What you'll learn:
- What are the kinds of errors that plague signal chains?
- How to use the error budget calculator.
Electrical signal chains can be found in various forms. They may consist of different electrical components, including sensors, actuators, amplifiers, analog-to-digital converters (ADCs), digital-to-analog converters (DACs), or even microcontrollers. The accuracy of the overall signal chain plays a decisive role.
To increase the accuracy, it's first necessary to identify and minimize the respective errors in the individual links. Depending on the signal-chain complexity, this analysis can turn into a daunting task. This article presents a precision DAC signal-chain error budget calculation tool. It will describe the individual error contributions of the components connected with DACs. Finally, it will demonstrate step-by-step how this tool can be used to identify and correct these issues.
A precision DAC error budget calculator is precise, easy to use, and can help developers select the most suitable component for a particular application. Because DACs don't usually appear alone in the signal chain, but instead are connected to voltage references and operational amplifiers (as reference buffers, for example), these additional components and their respective errors must be considered and summed. To better understand this concept, we first look at the individual error contributions of the main components, as shown in Figure 1.
Types of Errors
The voltage reference has four main error contributions. The first is associated with the initial accuracy (initial error), which indicates the variation in output voltage as measured in production test at a defined temperature of 25°C. Added to that are the errors related to the temperature coefficient (temperature-coefficient error), load-regulation errors, and line-regulation errors. The initial accuracy and temperature-coefficient error contribute the most to the total error.
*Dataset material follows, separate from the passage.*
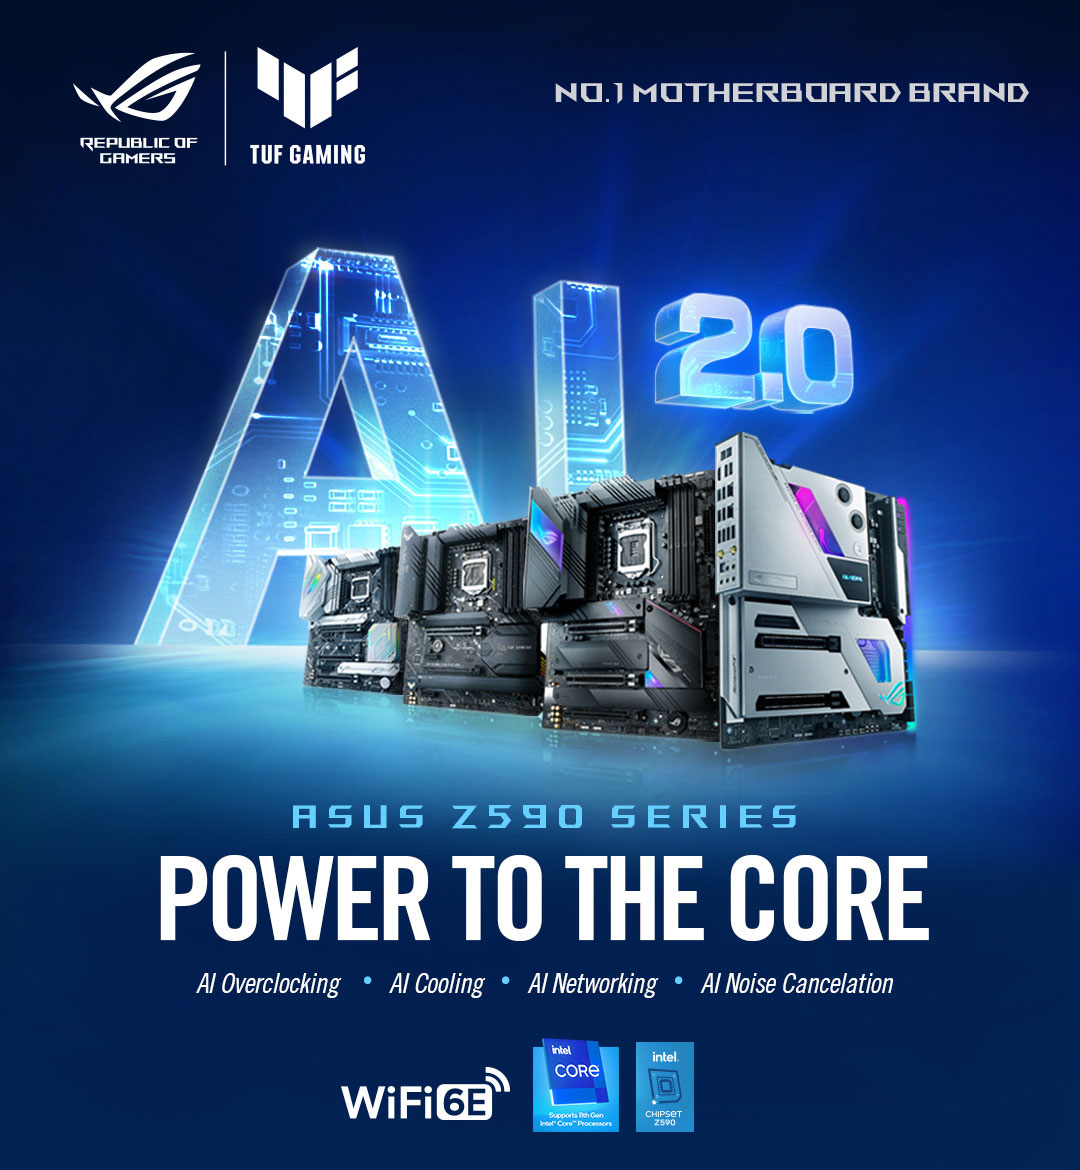 ASUS Z590 Series - The best Intel 11th Gen Motherboards

In op amps, the input offset voltage error and the tolerance error of the resistors have the greatest impact. The input offset voltage error refers to a low differential voltage that must be applied to the inputs to force the output to 0 V. The tolerance error of the resistors is the gain error caused by the corresponding tolerances used for setting the closed-loop gain. Other errors are caused by the bias current, the power-supply rejection ratio (PSRR), the open-loop gain, the input offset current, the CMRR offset, and the input offset voltage drift.
For the DAC itself, various types of errors are given in the datasheet—for example, the integral-nonlinearity (INL) error, which relates to the difference between the ideal output voltage and the output voltage measured for a given input code. Further types are the gain, offset, and gain temperature-coefficient errors. Sometimes, these are all grouped together to form the total unexpected error (TUE). This relates to the measurement of the output error in consideration of all DAC errors—that is, the INL, offset, and gain errors, as well as the output drift over the supply voltage and temperature.
Since the different sources of error usually aren't correlated, the most precise approach for calculating the total error in the signal chain is the root-sum-square method:
Total Error = √(Error VREF)2 + (Error Buffer 1)2 + (Error DAC)2 + (Error Buffer 2)2
Collecting the errors of the respective components is typically a tedious task, so we can simplify this with the error budget calculator to derive an equally precise calculation.
Using the Precision DAC Error Budget Calculator, Step-By-Step
First, using the error budget calculator, select from three DAC types: voltage-output DAC, multiplying DAC, and 4- to 20-mA current-source DAC. Next, set the desired temperature range and the supply voltage ripple for the error calculation. The latter is decisive for the PSRR error. Once these values are entered, the calculator generates a chart showing the respective error contributions of the individual components in the signal chain (Fig. 2).
The total error in this example is mainly influenced by the voltage reference. An improvement in this signal chain could be achieved through the use of a more precise reference module.
The DAC's integrated resistors, which are responsible for the comparison of the internal inverting amplifier and thus for an improvement in the accuracy, make a decisive contribution to the total error of the DAC. In DACs without integrated resistors or an internal inverting amplifier, these parameters can be specified separately (Fig. 2, again).